# Problem to work on:
Extract, exactly and without pictures, every line from the one that includes "A texture made from a knitted material" through the final line of the material below.

# Dataset section:
- - -

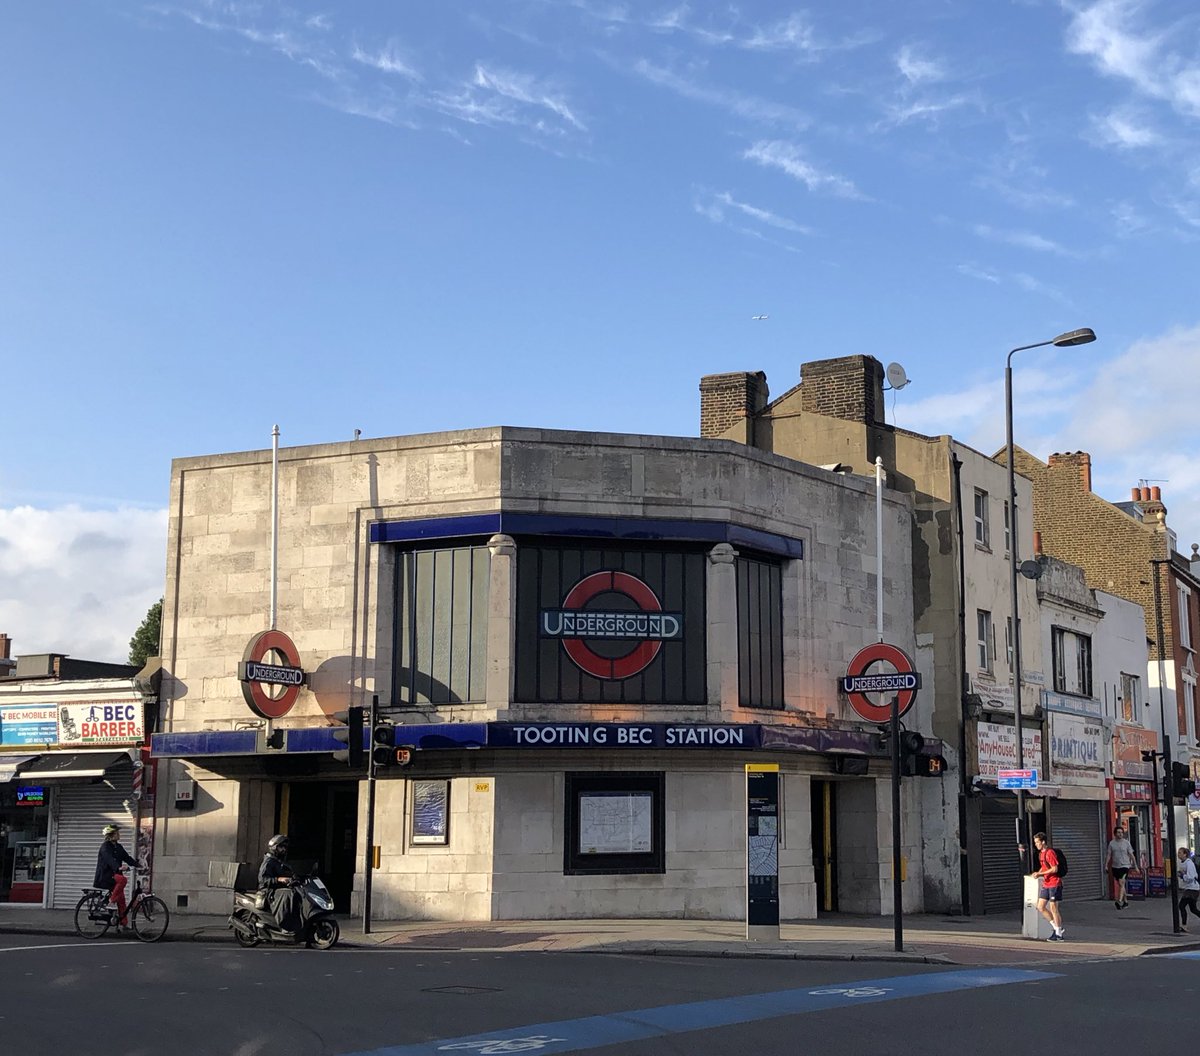 Here’s Tooting Bec tube station - note the London Transport roundel detailing on the columns – bei  Tooting Bec London Underground Station
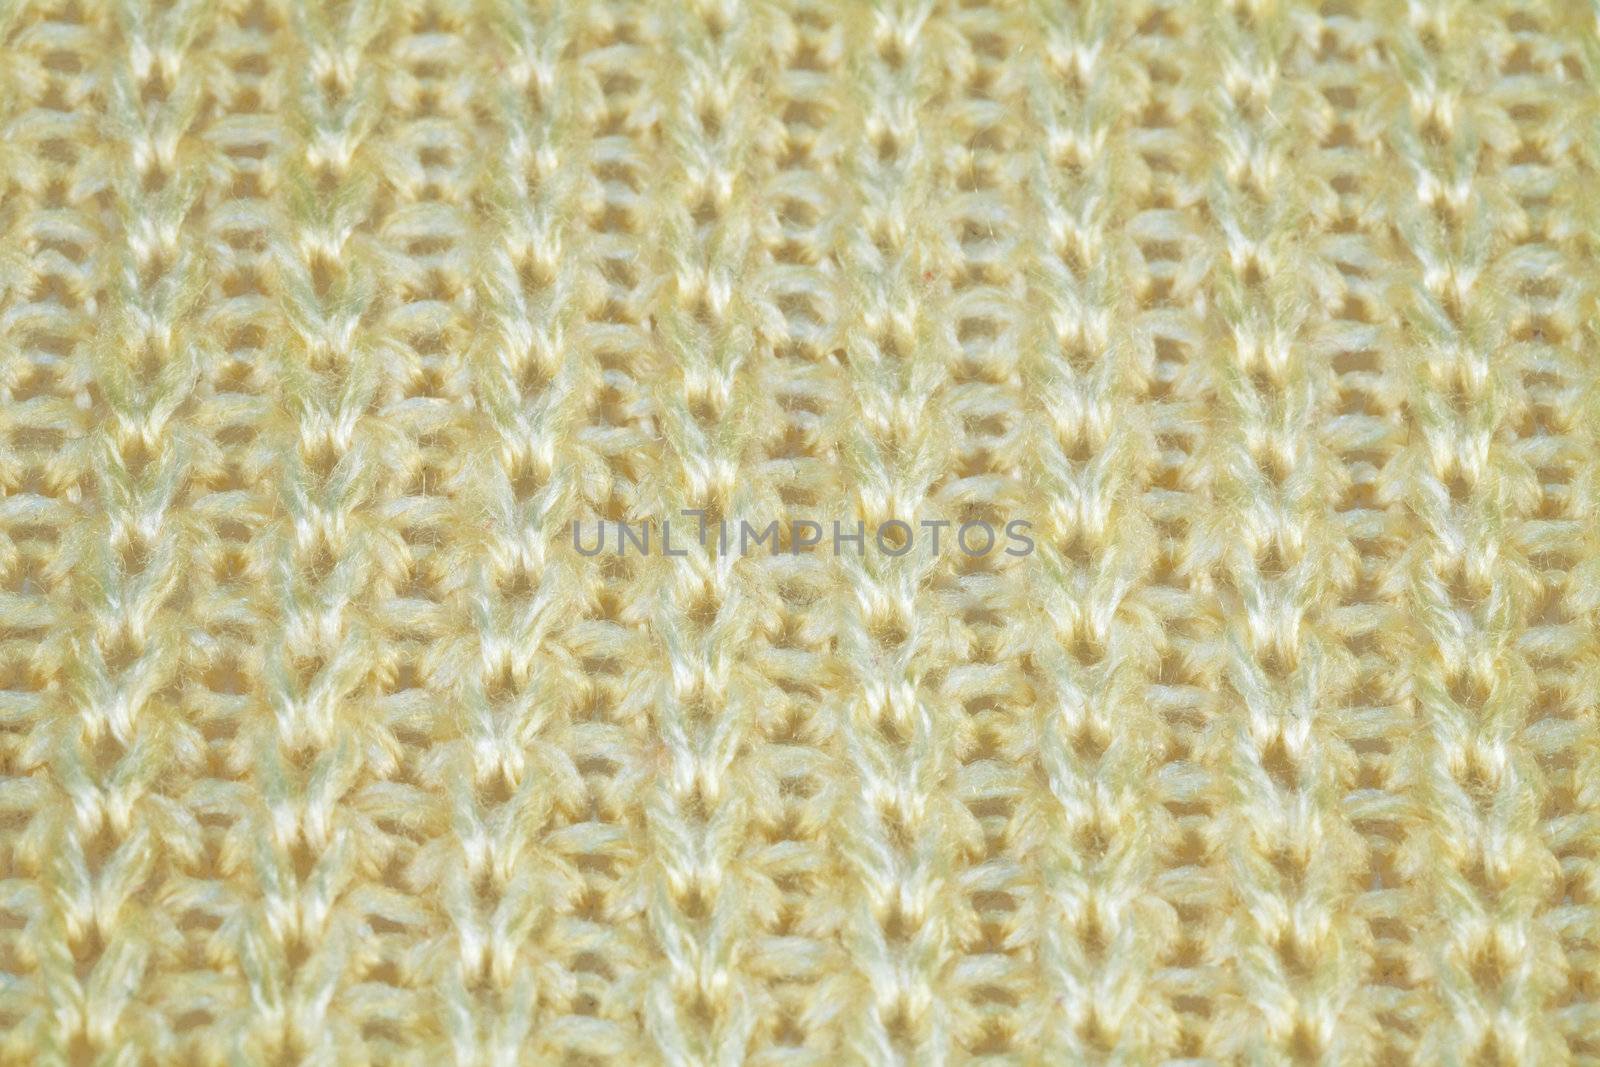 A texture made from a knitted material
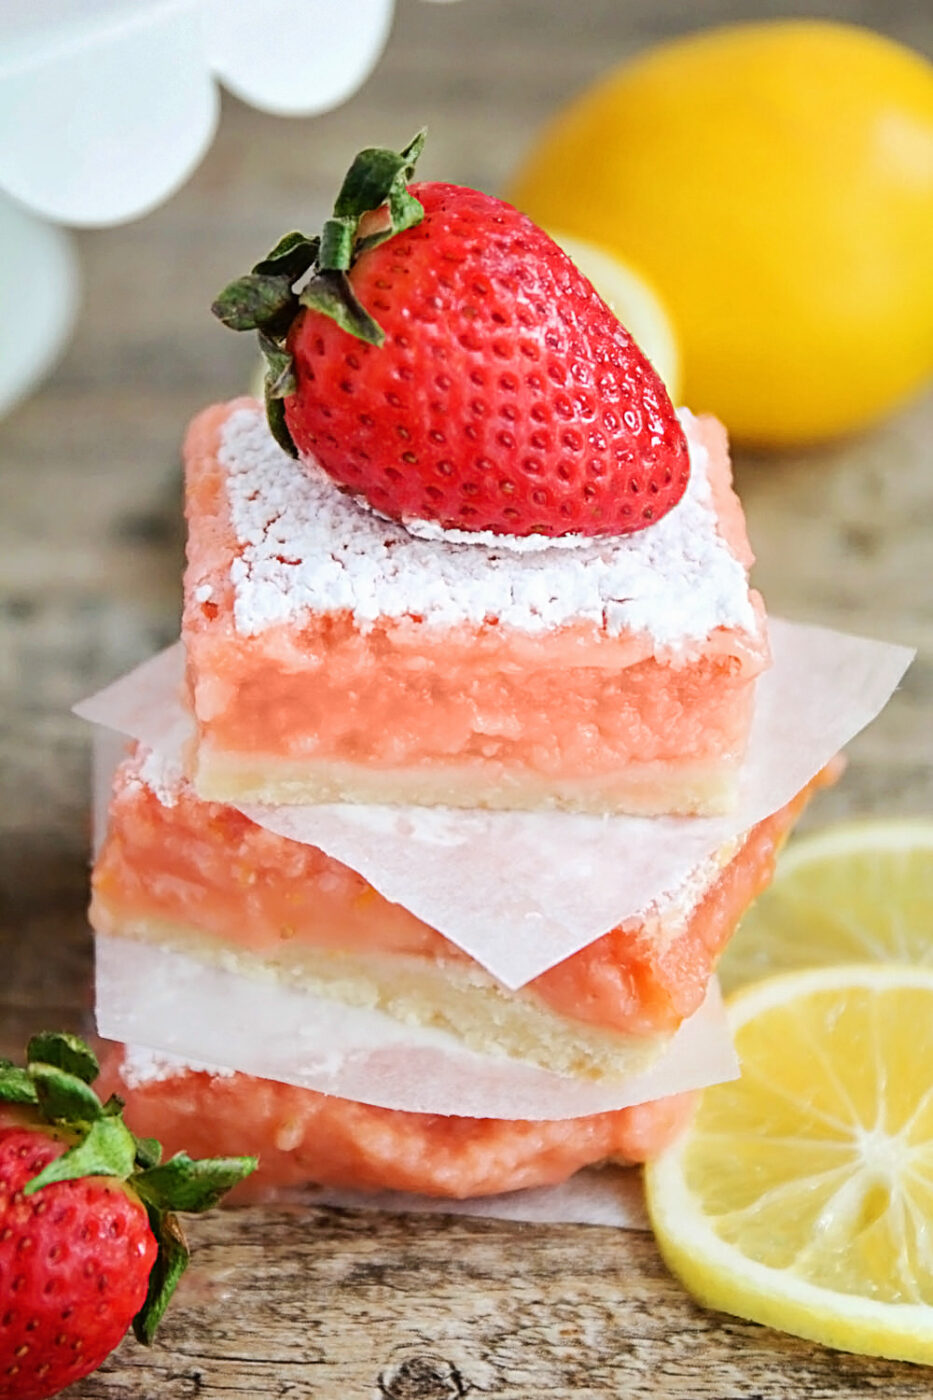 These strawberry lemonade bars are tangy and sweet and perfect for summer. They taste just like a glass of strawberry lemonade!

- - -

# Answer box:
 A texture made from a knitted material
 These strawberry lemonade bars are tangy and sweet and perfect for summer. They taste just like a glass of strawberry lemonade!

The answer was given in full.